Днем целый выводок минут пятнадцать держался с нами вровень по левому борту. Сначала я увидел, как серая с белыми подпалинами на хребте громадина с величавой медлительностью скользнула между двумя валами и скрылась из виду. Я остался стоять, разинув рот и вцепившись в планшир, спрашивая себя, вправду ли это было — или мне привиделось. И еще продолжал спрашивать, когда исполинская спина возникла снова, а рядом с ней — другая, и еще одна, а потом огромный хвостовой плавник — точно такой, как на гравюрах-иллюстрациях к «Моби Дику», — вынырнул и вновь исчез в вихре пены.
Я даже и не дернулся за фотоаппаратом — до такой степени страшно мне было хоть на миг выпустить из виду это завораживающее зрелище, так неразрывно связанное с моими любимыми книгами, с моими снами.
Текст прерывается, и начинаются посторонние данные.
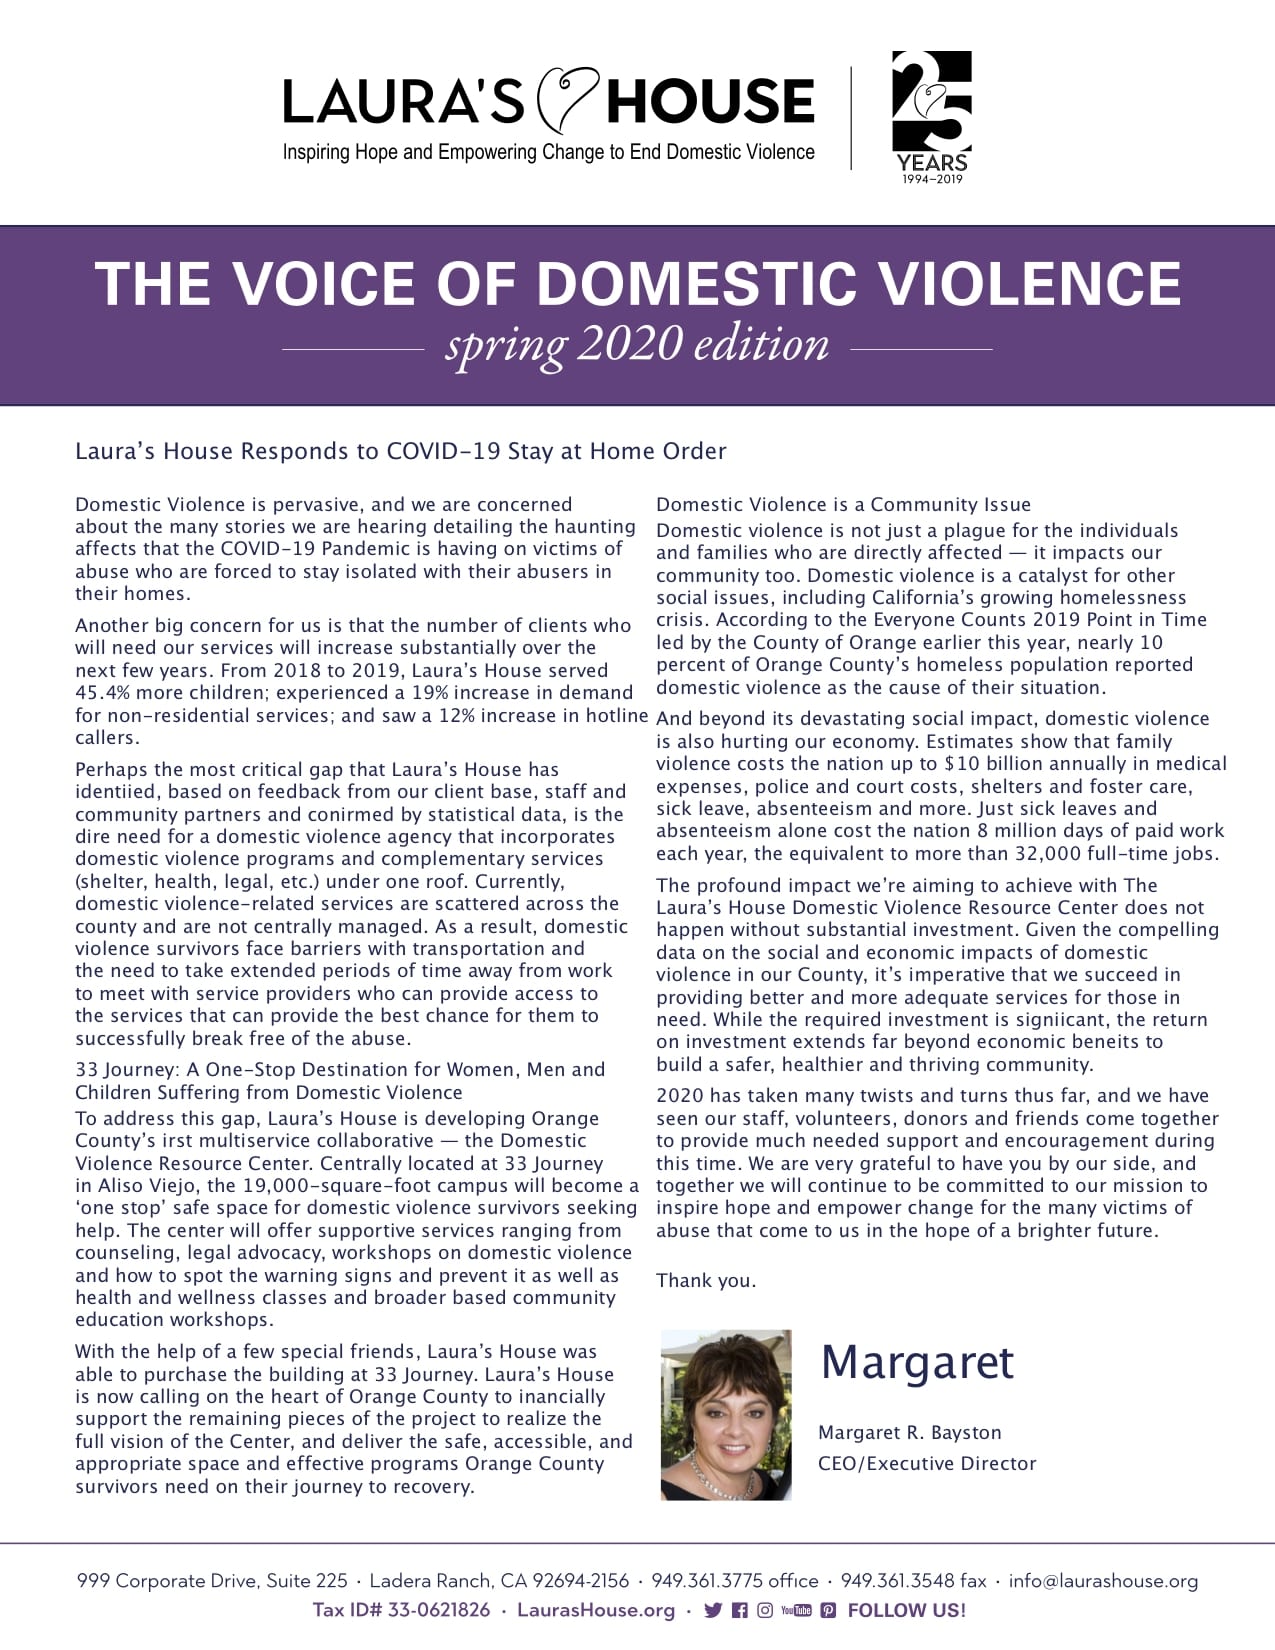 domestic violence article 2022

И стоял в оцепенении до тех пор, пока стая китов — из благоразумия, разумеется, — не сменила курс. И уже очень скоро ее можно было разглядеть только в бинокль, а потом киты, не погружаясь в воду полностью, и вовсе скрылись из виду, медленно удаляясь по направлению к студеным антарктическим широтам.
Это было 18 февраля 1978 года, и я никогда не забуду этот день. Так что у меня, как видите, есть личные причины желать всем норвежским и японским китобоям наскочить на мины, оставшиеся со времен Второй мировой или Войны в Заливе, или на еще какие-нибудь, и отправиться к соответствующей матери. А будь у меня подводная лодка, я бы, уподобившись корветтенкапитану Прину при Скапа-Флоу, с восторгом шарахнул их торпедным залпом. Но субмарины нынче дороги. Да и потом, я все же полагаю, что закон, который на страдания невинных жертв обычно смотрит сквозь пальцы, стрельбу торпедами даже по таким подлецам не одобрит.
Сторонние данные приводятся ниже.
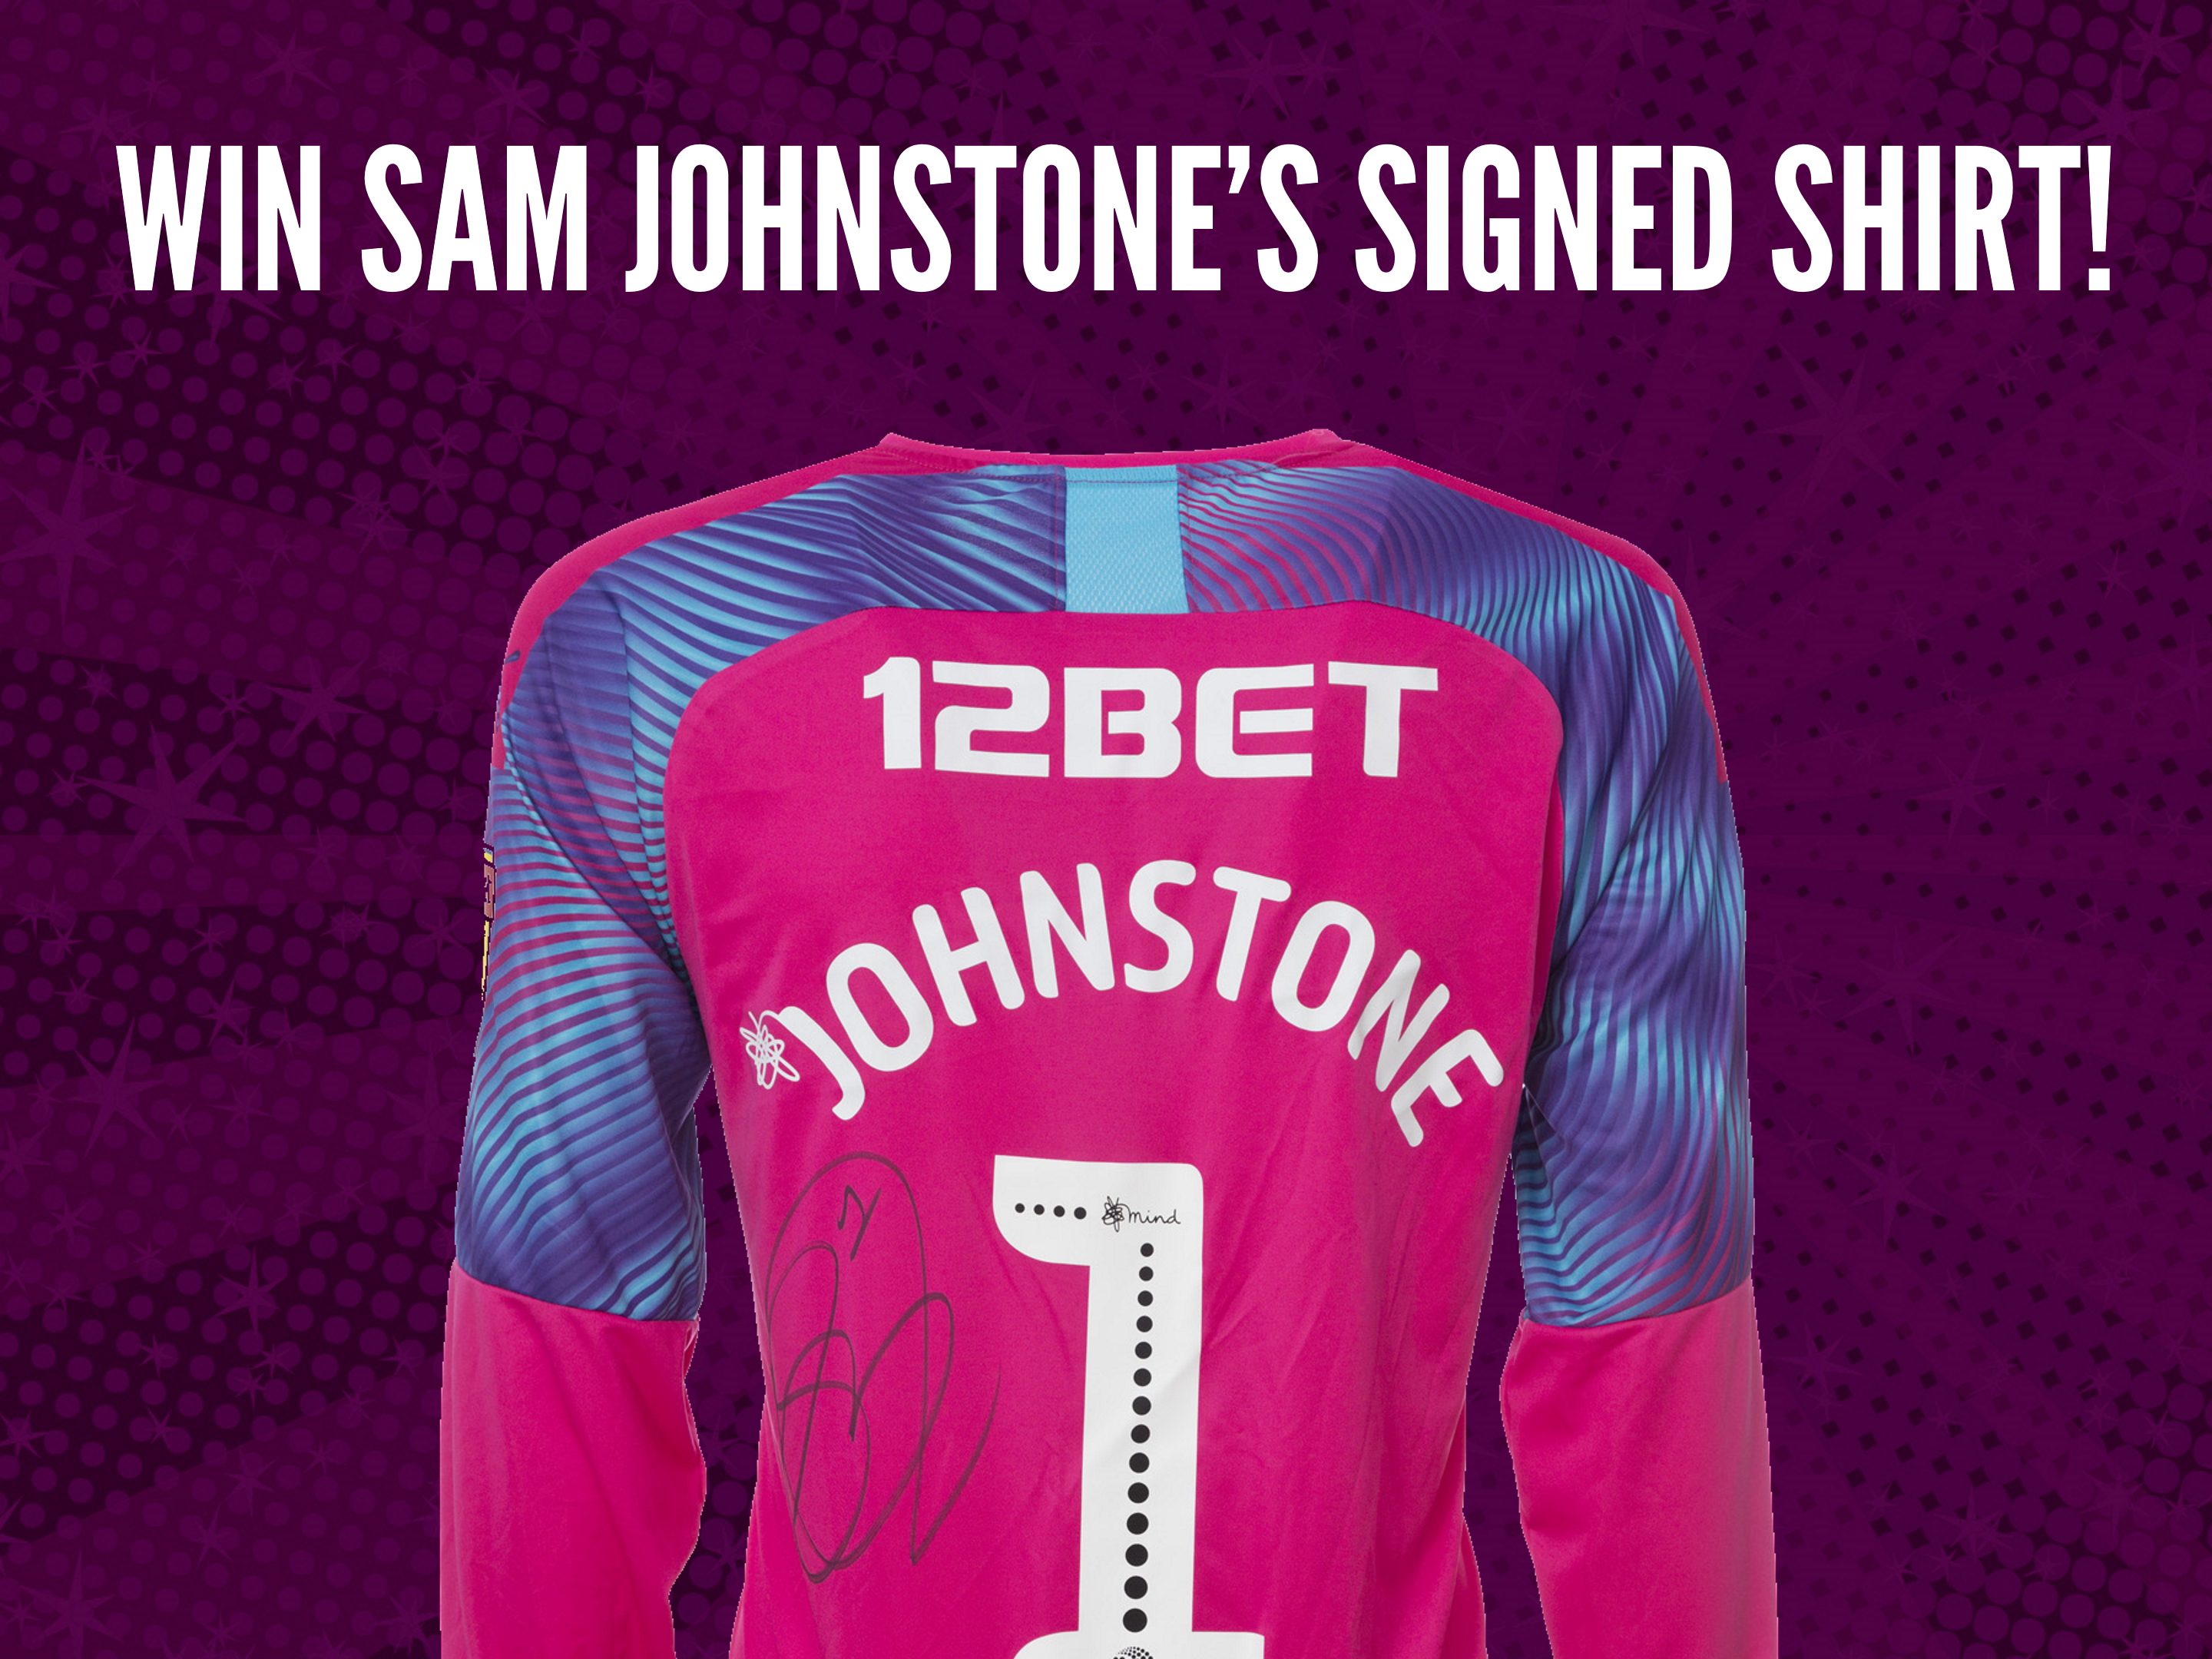 Win Sam Johnstone's signed shirt!

Красное пластмассовое ведерко
Слабый восточный ветерок пошевеливал флаги расцвечивания на пришвартованных у пирса кораблях и ленточки на глубоководных тралах рыбачьих баркасов. Это был южный порт, а они вдвоем — дед и внук — сидели у ржавого кнехта и слушали, как плещет вода у мола. Рядом сушились сети, валялся пла́вник, стояли, смотрели на море сошедшие на берег отставные моряки, и воздух здесь пах солью и древним густым морем, порты которого видели, как приходят и уходят многие корабли, как начинаются и кончаются многие жизни.
Мне нравятся старые, умудренные жизнью порты — потому, наверно, что в одном таком я появился на свет. Мне нравятся призраки, стоящие меж портальных кранов в тени навесов, нравятся шрамы, оставленные тросами на чугуне причальных тумб. Мне нравится наблюдать за этими людьми, которые проводят здесь целые часы в неподвижности, за людьми, для которых удочка — не более чем предлог, ибо нет ничего важнее в целом мире, чем смотреть на море. Мне нравятся деды, ведущие за руку внуков, и, покуда карапузы о чем-то спрашивают или приветственно машут чайкам, старики щурятся на суда у причалов, на линию горизонта за пределами порта — глядят так, словно ищут в памяти позабытый отзвук: воспоминание ли, объяснение ли чему-то случившемуся давным-давно, слишком давно.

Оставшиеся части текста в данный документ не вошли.